One difference between SIGTERM and SIGKILL is - the process can register a handler for SIGTERM and choose to ignore it. But SIGKILL cannot be ignored.
So when the containers in your pod receives SIGTERM, in default state when you don’t catch it, the container is killed immediately. But as you want to finish serving existing connections, you need to catch this signal to wait for grace period to be finished (mentioned by terminationGracePeriodSeconds
in pod’s spec). After this period ends, SIGKILL is sent to the container and there’s nothing else you can do to stop it from being dead!
One thing worth mentioning here, as soon as a pod receive SIGTERM it goes into terminating
state no matter whether you handle this signal or not (and new pods are created if your deployment needs).

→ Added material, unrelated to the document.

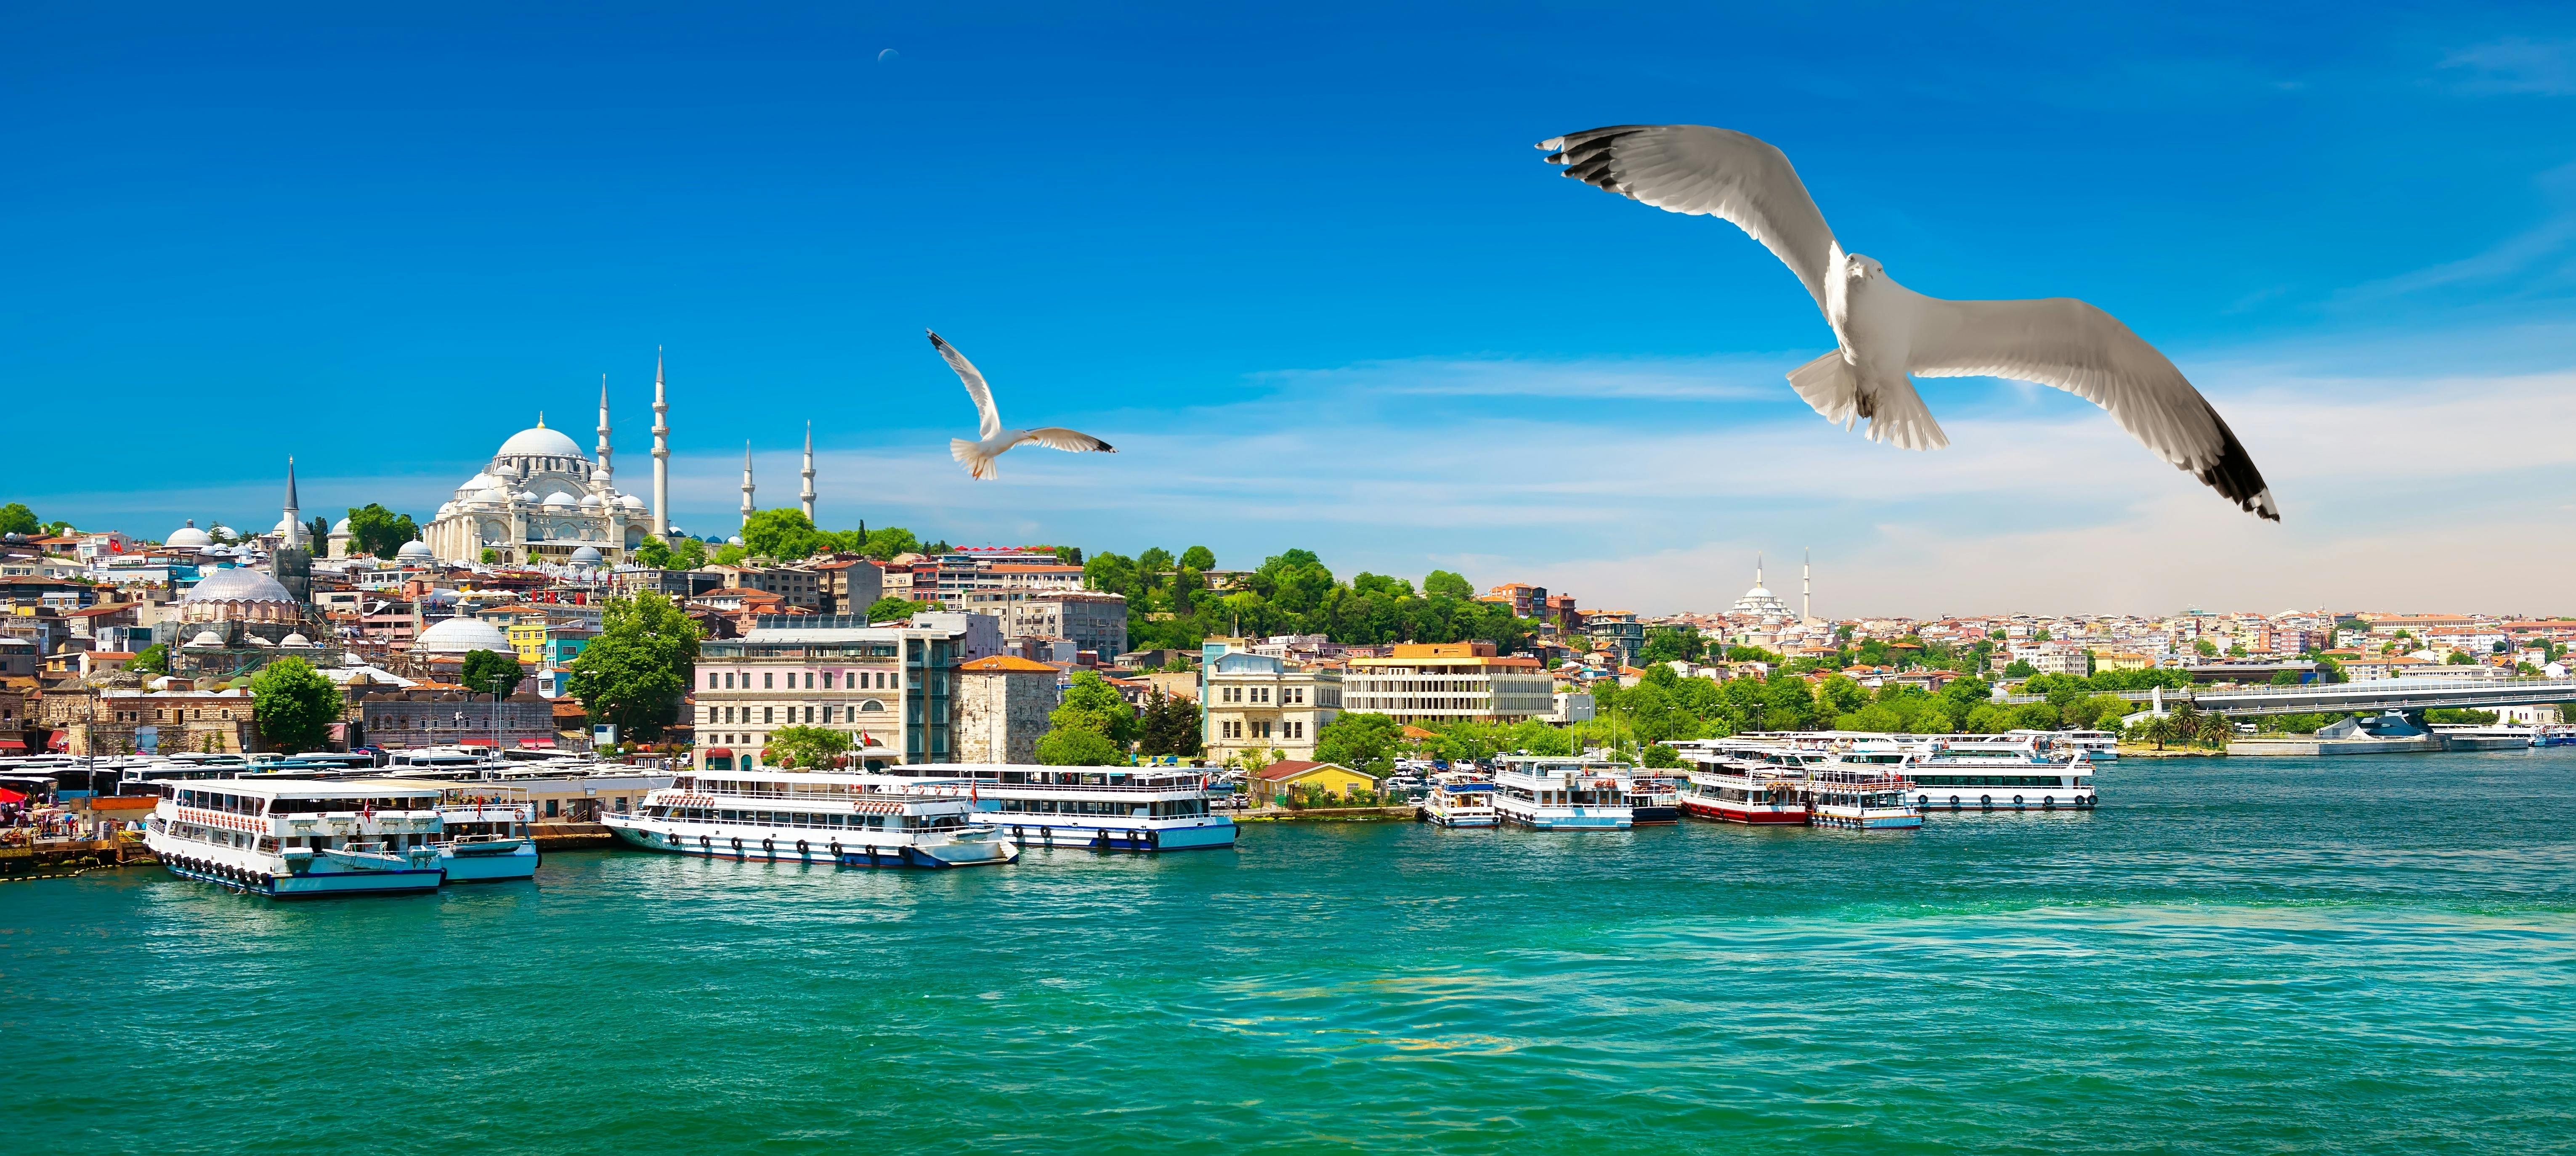 Entdecken Sie den Bosporus, die Blaue Moschee, den Topkapi-Palast und die Basilika-Zisterne

Also, simultaneously with this, this pod is removed from endpoints list for corresponding service.
Now, what are you going to do after catching SIGTERM? Here are two samples:
i. Add Sleep
A simple example is shown here written Golang. Let’s say you have one server running like this:
http.ListenAndServe(":8080", nil)
Put that in a goroutine and add these lines to your main process
go http.ListenAndServe(":8080", nil)
ch := make(chan os.Signal, 1)
signal.Notify(ch, syscall.SIGTERM)
<-ch
time.Sleep(30 * time.Second)
This 30
came from the default value of terminationGracePeriodSeconds
. These lines are going to catch the SIGTERM signal and make sure that your server in the other process runs until the grace period ends.
Full code:
package main
import (
"fmt"
"log"
"net/http"
"os"
"os/signal"
"syscall"
"time"
)
func handler(w http.ResponseWriter, r *http.Request) {
log.Print("Hello world received a request.")
fmt.Fprintf(w, "Hello %s!\n", "world")
}
func main() {
log.Print("Hello world sample started.")
http.HandleFunc("/", handler)
go http.ListenAndServe(":8080", nil)
ch := make(chan os.Signal, 1)
signal.Notify(ch, os.Interrupt, syscall.SIGTERM)
<-ch
time.Sleep(30 * time.Second)
}
ii. Add Server Shutdown
You can also gracefully shutdown each server individually after catching SIGTERM.
package main
import (
"context"
"fmt"
"log"
"net/http"
"os"
"os/signal"
"syscall"
"time"
)
type httpHandler struct {
}
func (h httpHandler) ServeHTTP(w http.ResponseWriter, r *http.Request) {
time.Sleep(5 * time.Second)
log.Print("Hello world received a request.")
fmt.Fprintf(w, "Hello %s!\n", "world")
}
func main() {
log.Print("Hello world sample started.")
server := &http.Server{Addr: ":8080", Handler: httpHandler{}}
go server.ListenAndServe()
ch := make(chan os.Signal, 1)
signal.Notify(ch, os.Interrupt, syscall.SIGTERM)
<-ch
time.Sleep(5 * time.Second) // in case pod receives new request
ctx, _ := context.WithTimeout(context.Background(), 20*time.Second)
if err := server.Shutdown(ctx); err != nil {
}
}
When server.Shutdown(ctx)
is called, it stops taking new requests and tries to finish serving all current requests, but doesn’t wait more than 20 seconds.
2. Add a preStop hook
You can also add a prestop hook to container to make sure the container isn’t killed until grace period ends.
spec:
containers:
- image: kfoozminus/graceful:v1
imagePullPolicy: Always
lifecycle:
preStop:
exec:
command:
- sleep
- "30"
name: nginx
resources: {}
terminationMessagePath: /dev/termination-log
terminationMessagePolicy: File
dnsPolicy: ClusterFirst
restartPolicy: Always
schedulerName: default-scheduler
securityContext: {}
terminationGracePeriodSeconds: 30
preStop is executed before SIGTERM is sent. So in this case, SIGTERM is sent 30s after shutdown is initiated. The preStop hook cannot block more than the grace period though. If “sleep 60” was executed as preStop hook, the pod will terminate after 30s, that is, the grace period.